MATERIAL PROVIDED: Begin

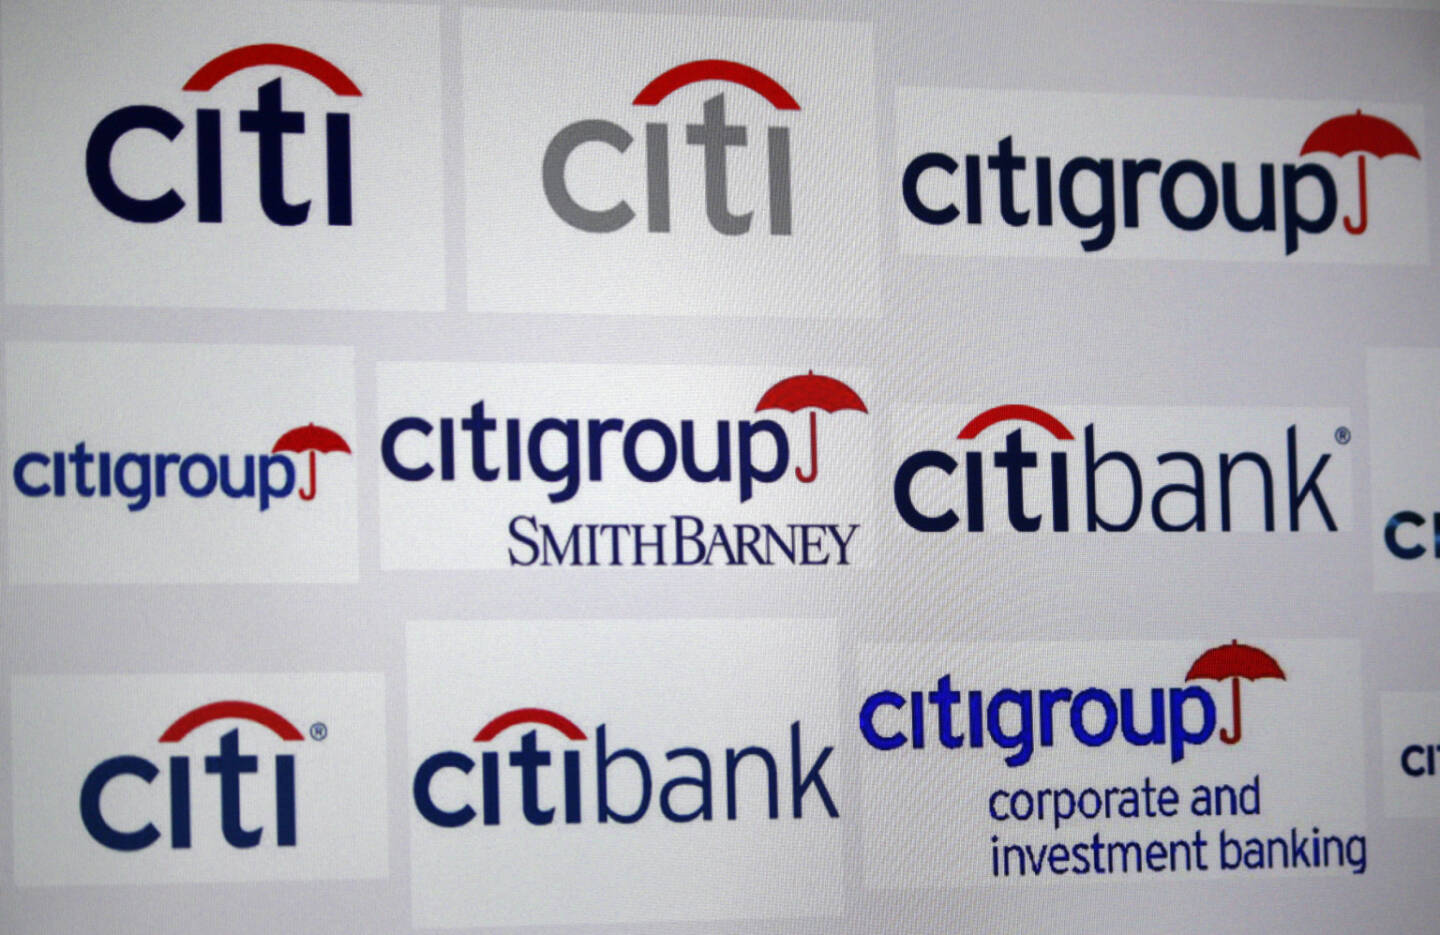 Citi, Citigroup <a href=http://www.shutterstock.com/gallery-320989p1.html?cr=00&pl=edit-00>360b</a> / <a href=http://www.shutterstock.com/editorial?cr=00&pl=edit-00>Shutterstock.com</a>
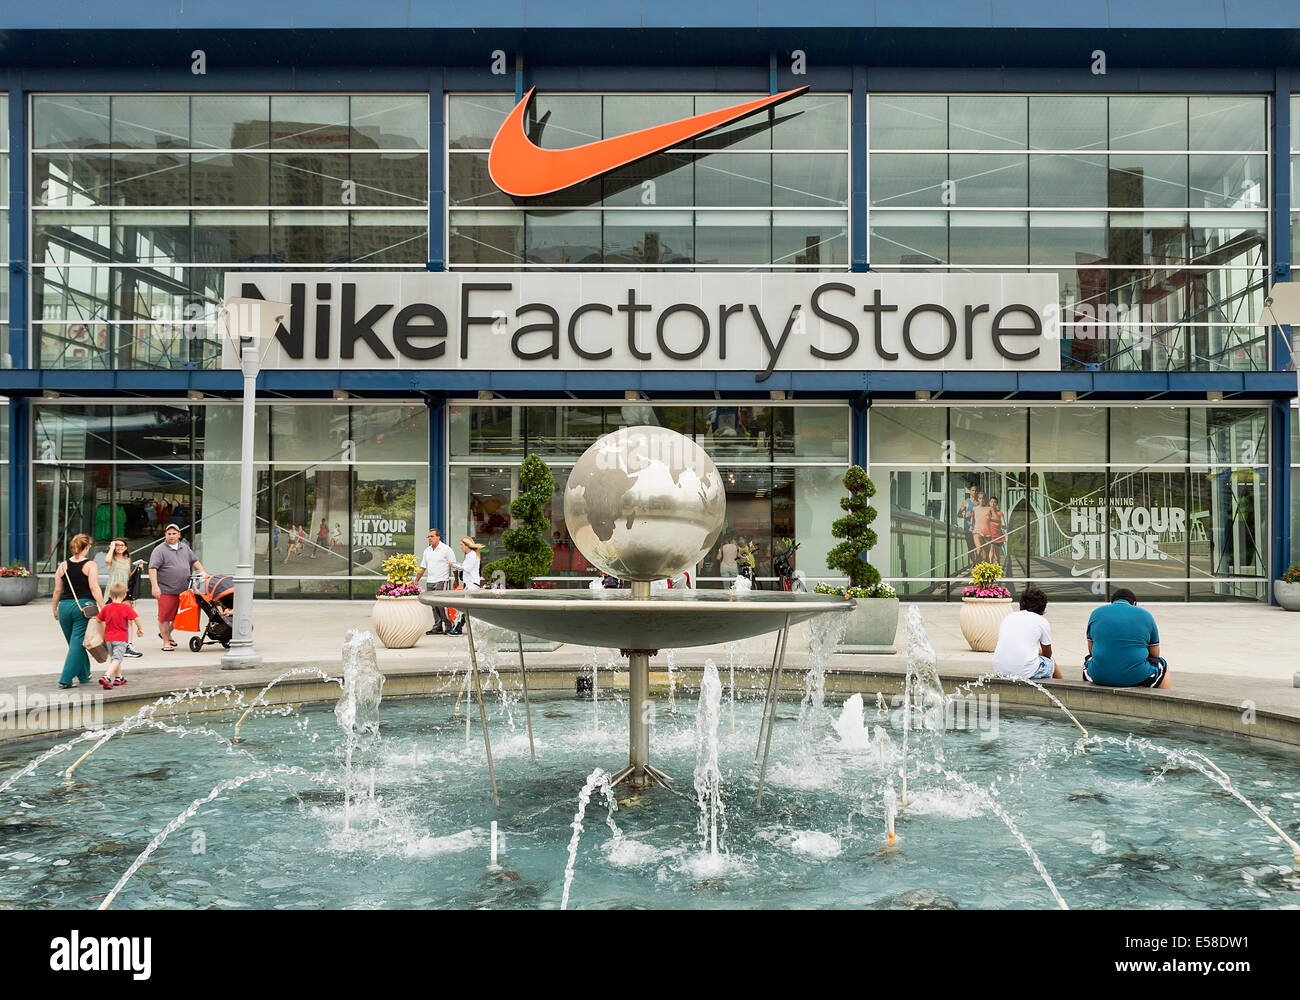 Nike factory -Fotos und -Bildmaterial in hoher Auflösung – Alamy
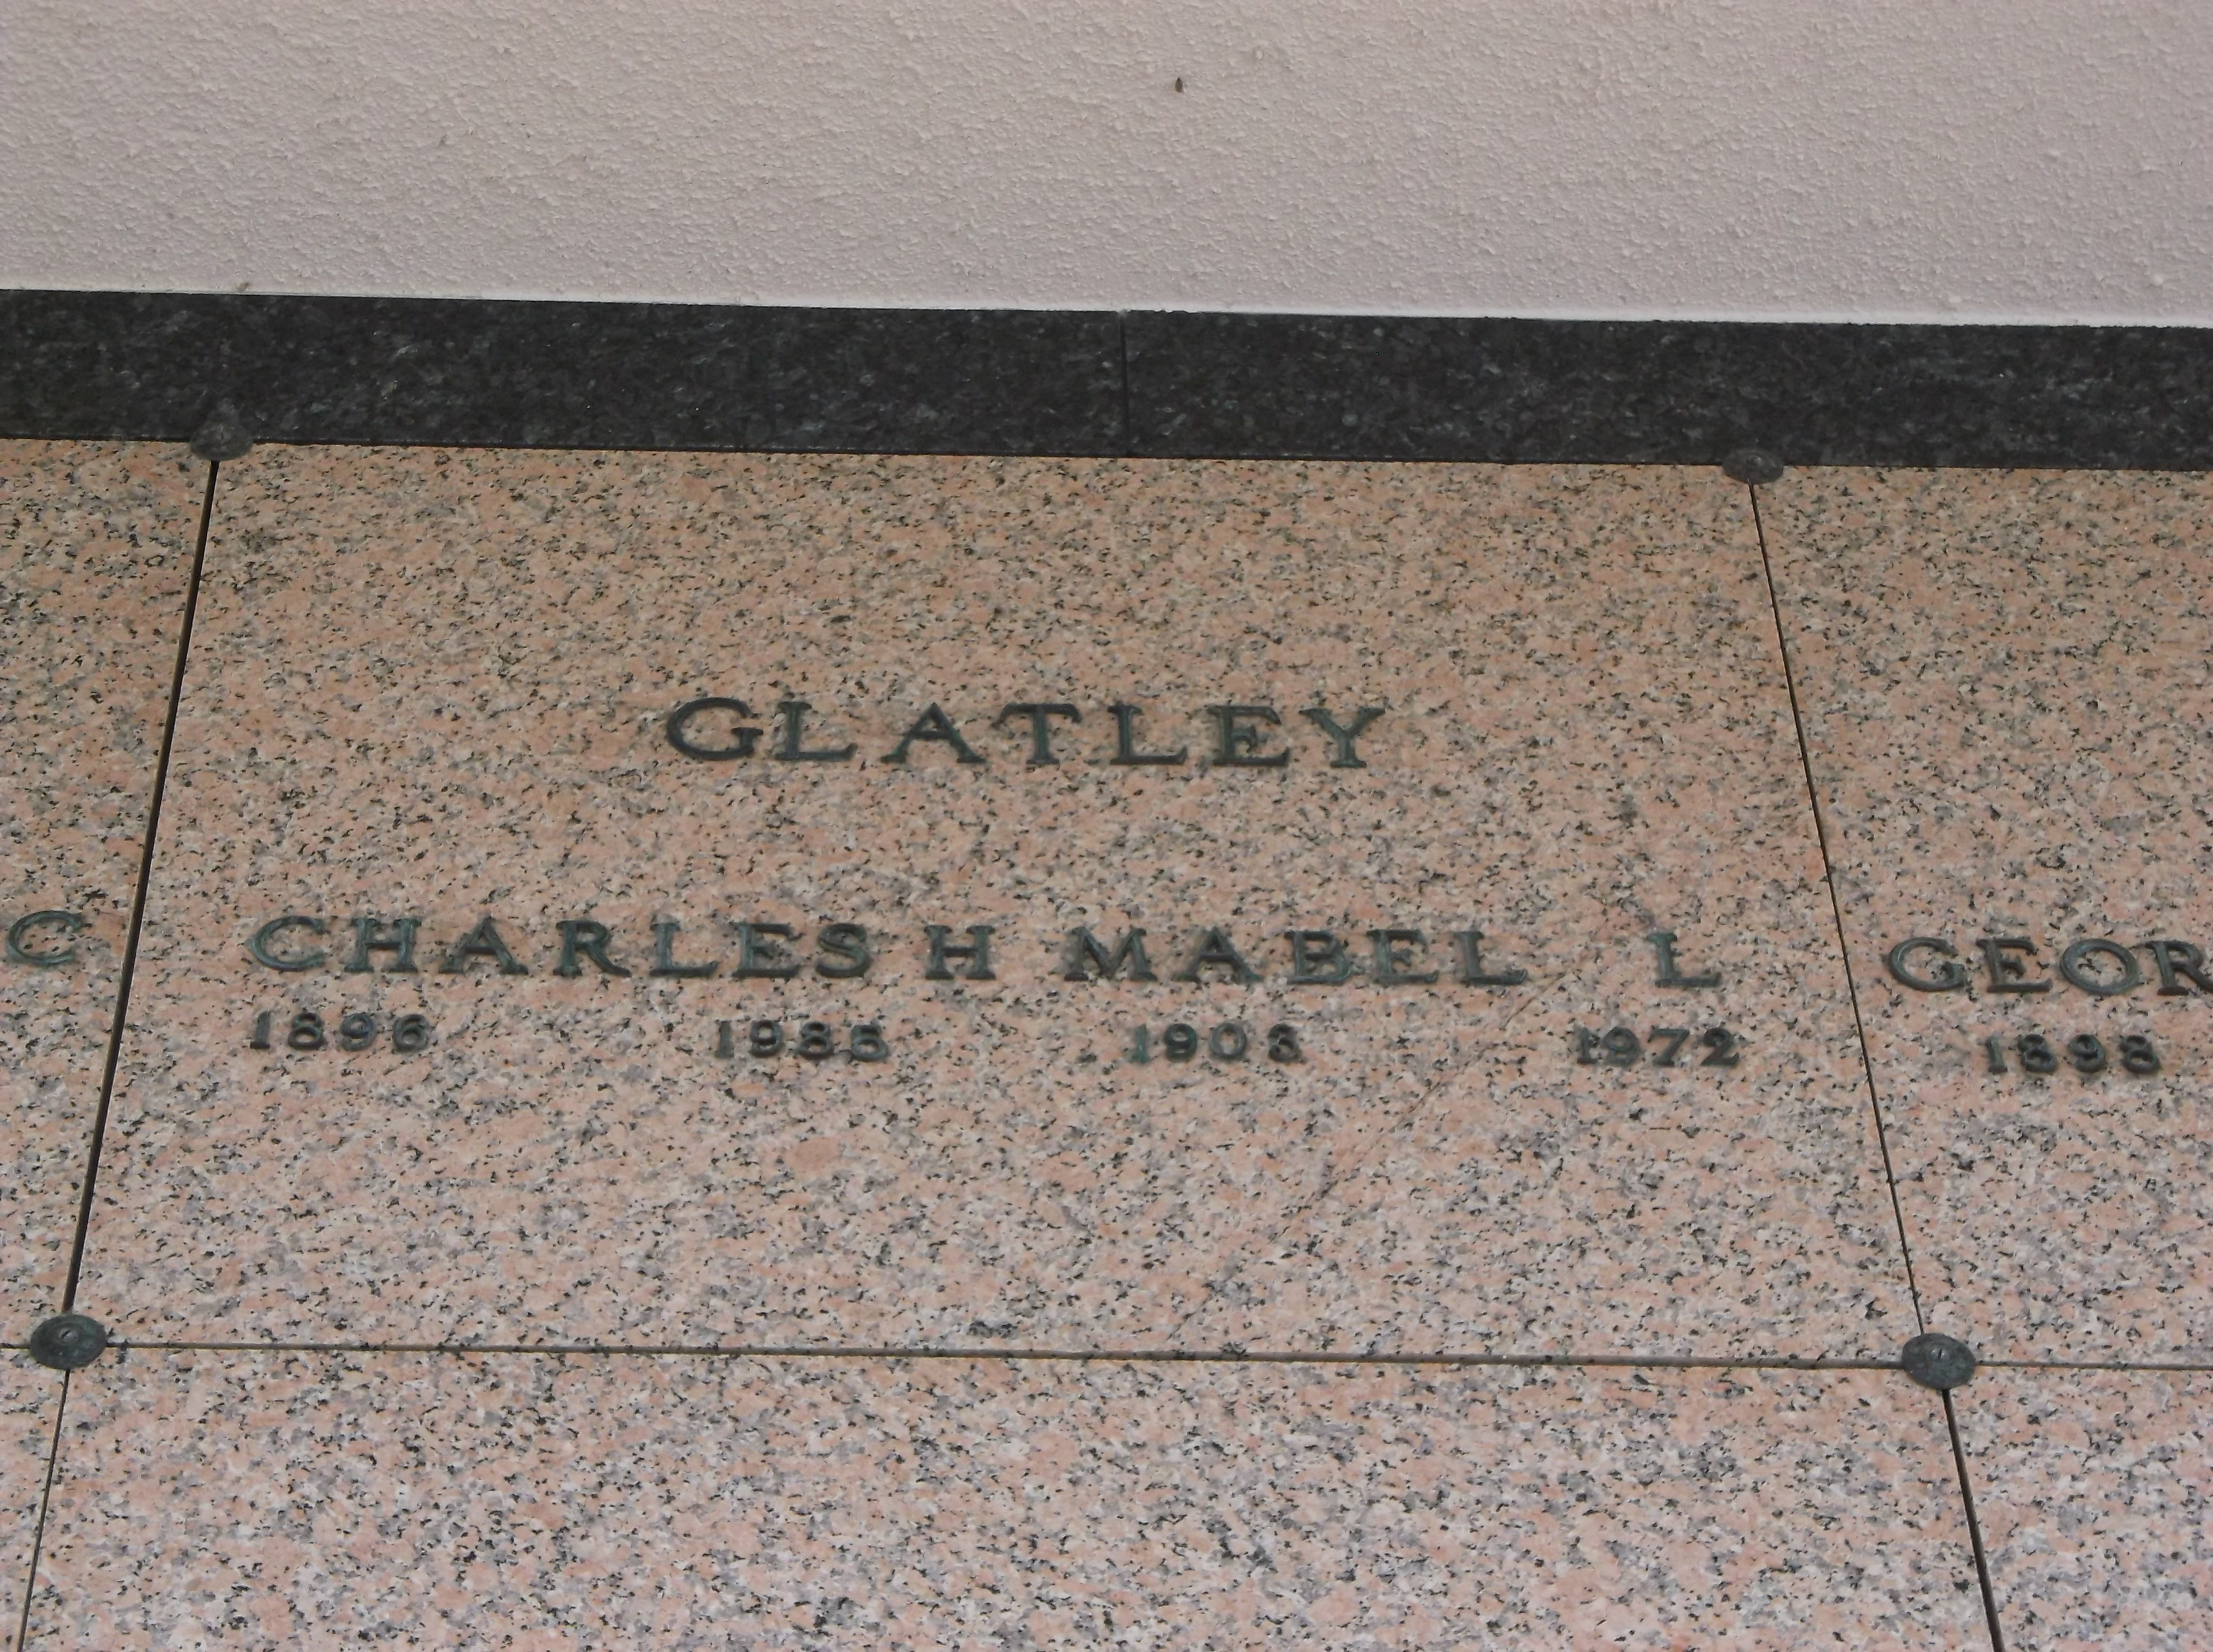 Mabel L Glatley

MATERIAL PROVIDED: End

* [WHAT IS REQUIRED] The copy must begin with the line containing "Nike factory -Fotos", end with the last line of the material, match each line exactly, and hold no pictures.

* [RESPONSE TO THE TASK]
 Nike factory -Fotos und -Bildmaterial in hoher Auflösung – Alamy
 Mabel L Glatley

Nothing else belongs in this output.